In the winter of 1864, an inspection report stated that many of the men in the 2nd, 3rd, and 4th Arkansas Infantry Regiments of African Descent and the 1st Iowa Infantry Regiment of African Descent were sick. The inspector blamed the locations of the camps, which were wet. Part of the problem was sewage seeping from the soldiers’ sinks [latrines]. In December, Dr. Charles Brackett sent a letter to Colonel Hiram Sickles, 9th Illinois, urging him to enforce regulations regarding the proper construction, maintenance and use of the sinks. Brackett wrote, “Already the camp is offensive about its outskirts from a neglect of this matter . . .” The doctor saw a real danger, because the sinks were located near the place from which the men obtained water. Ironically, Dr. Brackett died of typhoid fever in February. No doubt similar problems plagued the Arkansas and Iowa regiments cited by the inspector. The commanding officers of two of the regiments were condemned by the inspector as being unfit for command.

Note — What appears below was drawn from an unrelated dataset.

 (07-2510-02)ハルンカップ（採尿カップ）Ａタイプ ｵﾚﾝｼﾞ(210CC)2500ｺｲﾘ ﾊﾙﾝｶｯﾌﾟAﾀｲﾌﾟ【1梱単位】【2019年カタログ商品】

Charles O. Musser of the 29th Iowa reported a great deal of sickness in his regiment. He noted that only 230 out of the regiment’s 900 men were present at dress parade. “It is hard to see so many men away from home suffering and dying more for the want of care and attention than anything else. The post hospital here is full, and several steamboats are occupied for hospitals. . .” Subsequent inspections in the spring found an improvement in the general health and condition of the garrison at Helena. The inspector commended General Napoleon B. Buford, writing of his “. . . untiring energy and the able manner in which he commands.”

Incidents of illness decreased with the cool spring weather but when summer came with its oppressive heat, humidity, and insects, people began to get sick again. One inspector blamed the sickness on vaccinations, which he felt should not have been given to the men in the heat of the year. In July 1864, there were 5,556 enlisted men on duty in Helena and over 1,000 of them were reported sick.

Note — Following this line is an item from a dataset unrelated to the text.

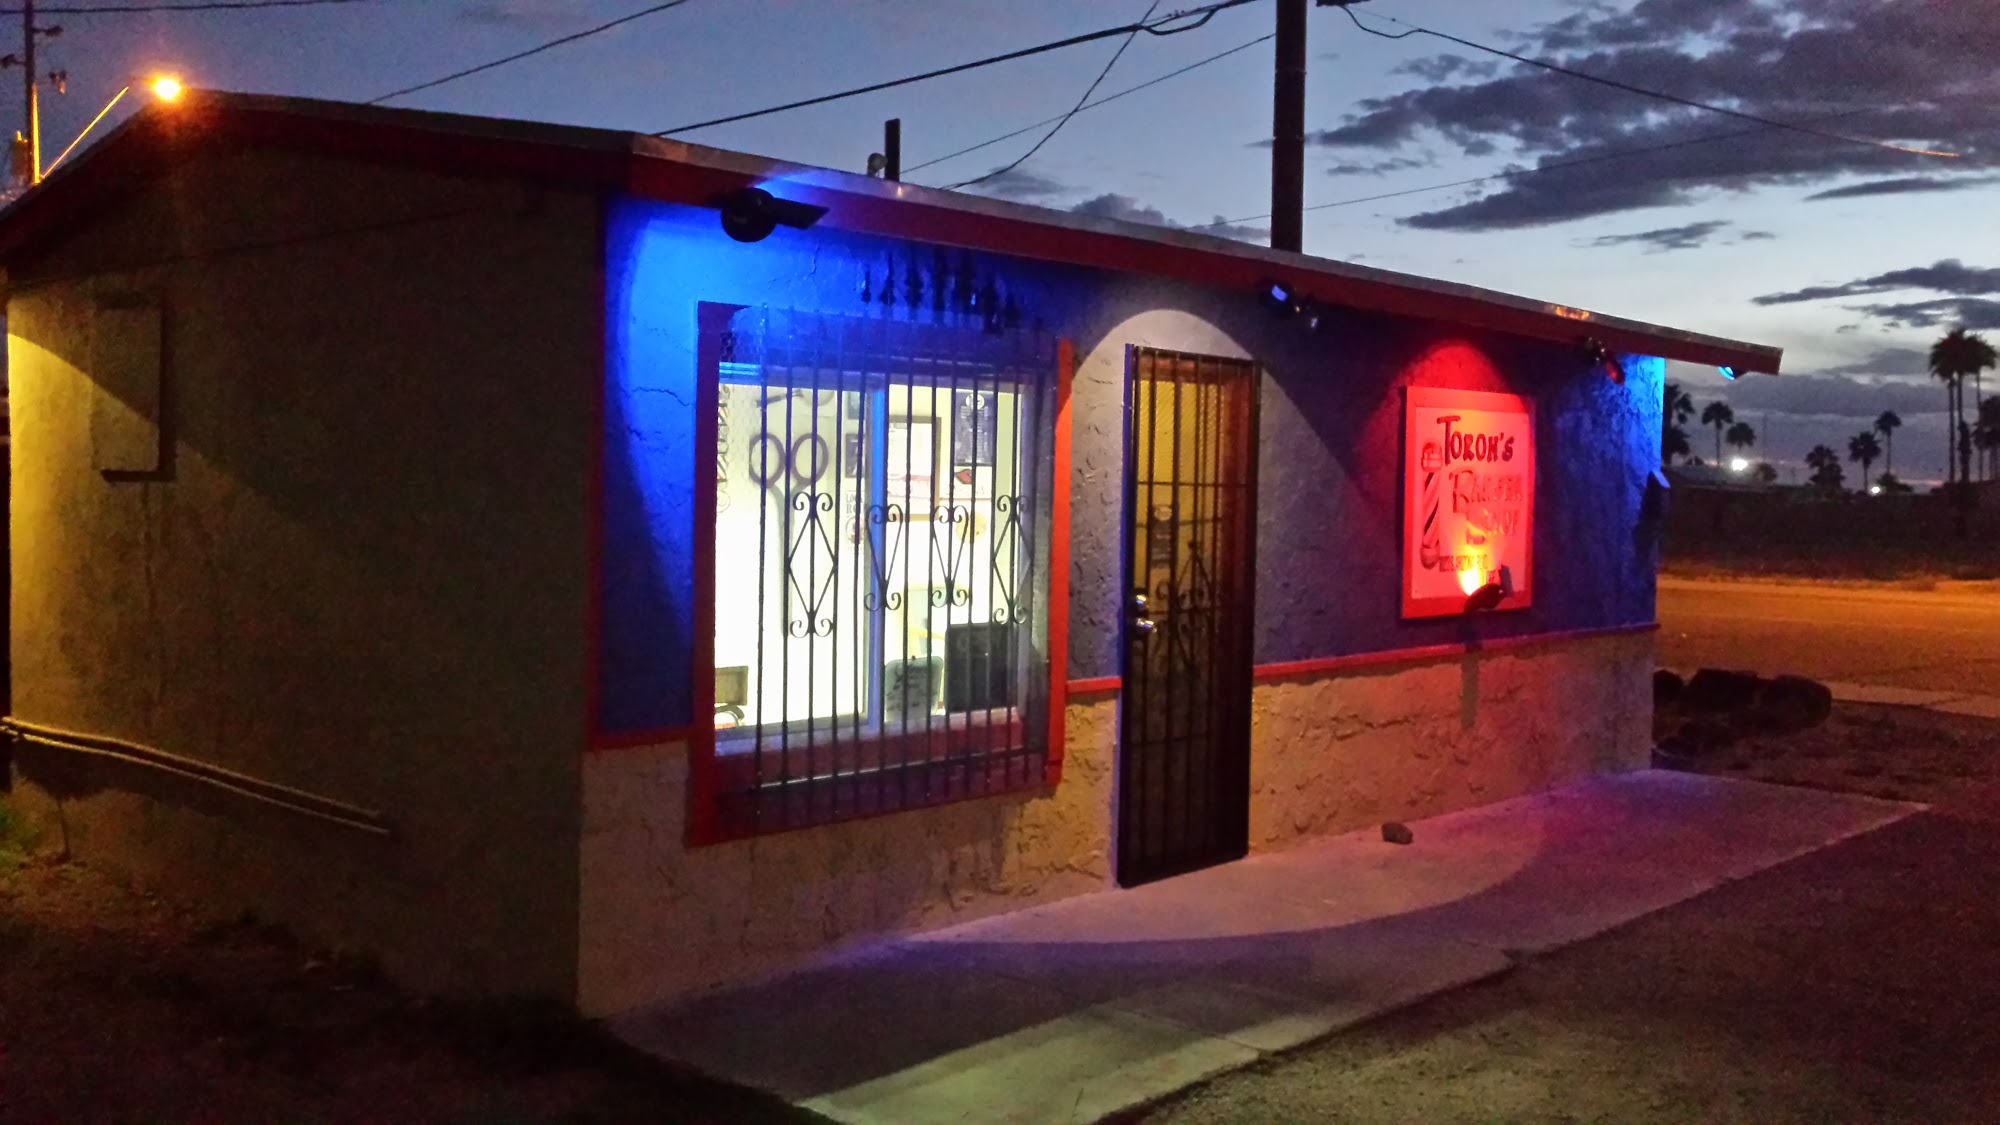 Toron's Barber Shop 1023 S Arizona Blvd, Coolidge Arizona 85128

Illness was rampant among the 6th Minnesota. The climate and lack of good sanitary conditions were probably responsible for most of the sickness. The toll Helena took on the 6th Minnesota is staggering. According to the Minnesota Adjutant General’s report, when the regiment arrived in Helena in June 1864, it was full, meaning that there were 1,000 men in the regiment. In August, only seven officers and 178 men were fit for duty. Six hundred of the Minnesotans were sent to northern hospitals.

The 6th Minnesota originally encamped in a low area on the bank of the Mississippi River. The regiment eventually moved up near the Hornor house but by then the damage had been done. It is likely that the sickness that befell the men was typhoid or another disease associated with unsanitary conditions. Malaria is another possibility.

The plight of the Minnesotans, while extreme, was hardly unique. Laundry lists of death and sickness fill the letters, diaries and regimental histories. Helena was not a healthy place. W.P. Belden, surgeon of the 6th Minnesota, summed up Hell-in-Arkansas, “. . . Helena is a city in a swamp, and is the city which the valorous Sixth helped hold through trying times, in the face of poisonous dangers a hundred fold more damaging and terrifying than the fiercest battlefield. . .”

The hell continued even after the war was over. In August 1866, two steamers left Helena for St. Louis with the officers and men of the 56th U.S. Colored Infantry aboard. By the time the two boats reached Cairo, Illinois, thirteen men on one steamer had died, and one aboard the other. Over sixty men were sick. By the time the vessels arrived in St. Louis another fifty men had died. The first army surgeon found no cholera but a second confirmed cholera on board. The soldiers were sent to the Quarantine Grounds at Jefferson Barracks. By the end of August, 175 officers and men had died. They were buried at Jefferson Barracks National Cemetery.